Le président de l’ordre national des médecins a mis en exergue hier à Alger, l’importance de l’installation immédiate de l’agence nationale du médicament, afin de régulariser son importation.
Selon le président, l’agence doit être installée le plus tôt possible « pour prendre en charge des décisions commerciales, ainsi que celles relatives à la pharmacovigilance et aux médicaments génétiques » a-t-il affirmé. Cela permettra selon lui, à la Pharmacie centrale des hôpitaux (PCH) de devenir un organisme de stockage et de distribution. « Il faut avertir à l’avance les fournisseurs pour qu’ils puissent mettre à disposition, les médicaments ou la matière première.

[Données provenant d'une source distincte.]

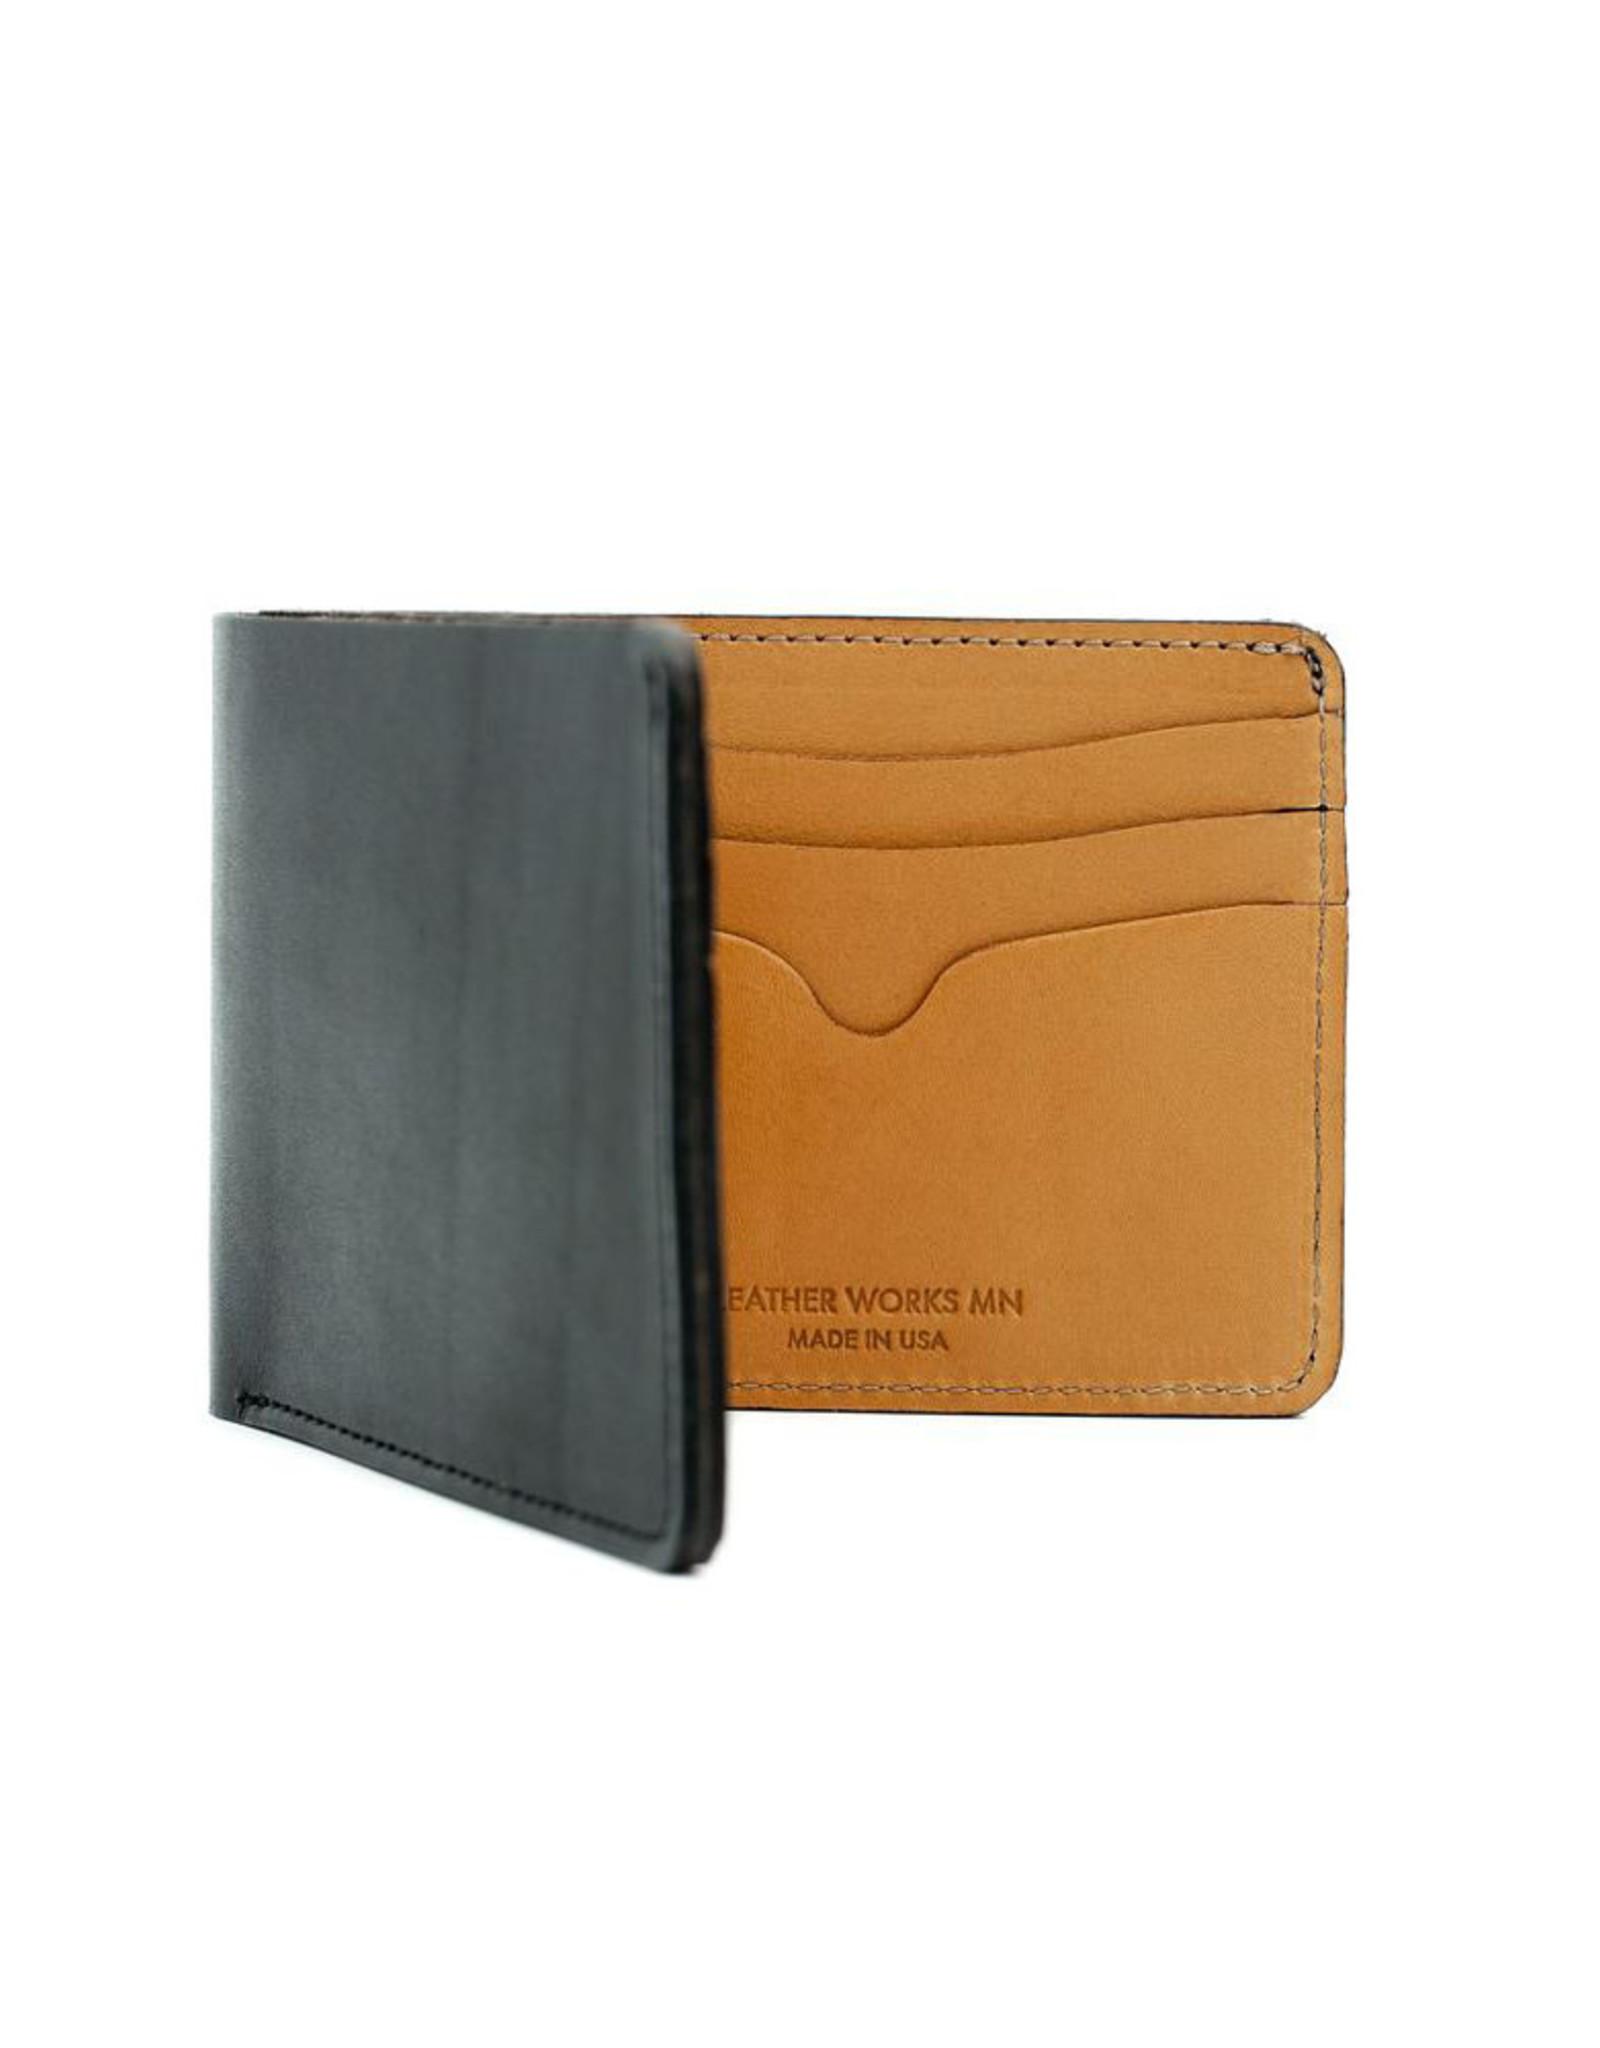 Leather Works Minnesota No. 9 Bifold Wallet

La PCH doit donc jouer ce rôle de stockage pour alimenter les secteurs publics et privés » a-t-il précisé. Il a également estimé que l’installation de cette agence « va mettre fin aux moyens de pression, exercés sur les décideurs au niveau des hôpitaux et du personnel technique », a-t-il expliqué en référence à la pénurie du médicament existante actuellement. Dans ce sens, le même responsable a tenu à souligner que les 4 % du PNB consacrés à la santé en Algérie ne sont pas suffisants. « L’Algérie doit utiliser son embellie financière pour acheter les médicaments qu’il faut, au moindre coût et privilégier le générique », a-t-il préconisé tout en insistant sur l’importance de mettre de l’ordre et de l’éthique dans la distribution du médicament. Affirmant que cette agence sera indépendante de l’administration centrale, il a estimé que la gestion administrative par le passé des médicaments « nous a amenés à l’impasse actuelle avec le risque de pénurie et de difficultés d’approvisionnement ».
De ce fait, l’agence doit, selon lui, travailler avec les vrais experts pour les médicaments nécessaires aux pathologies existantes en Algérie, précisant qu’elle doit être en mesure de « déterminer les médicaments essentiels, commander en temps utile, décider du rapport qualité prix et avoir toutes les possibilités de manœuvre ».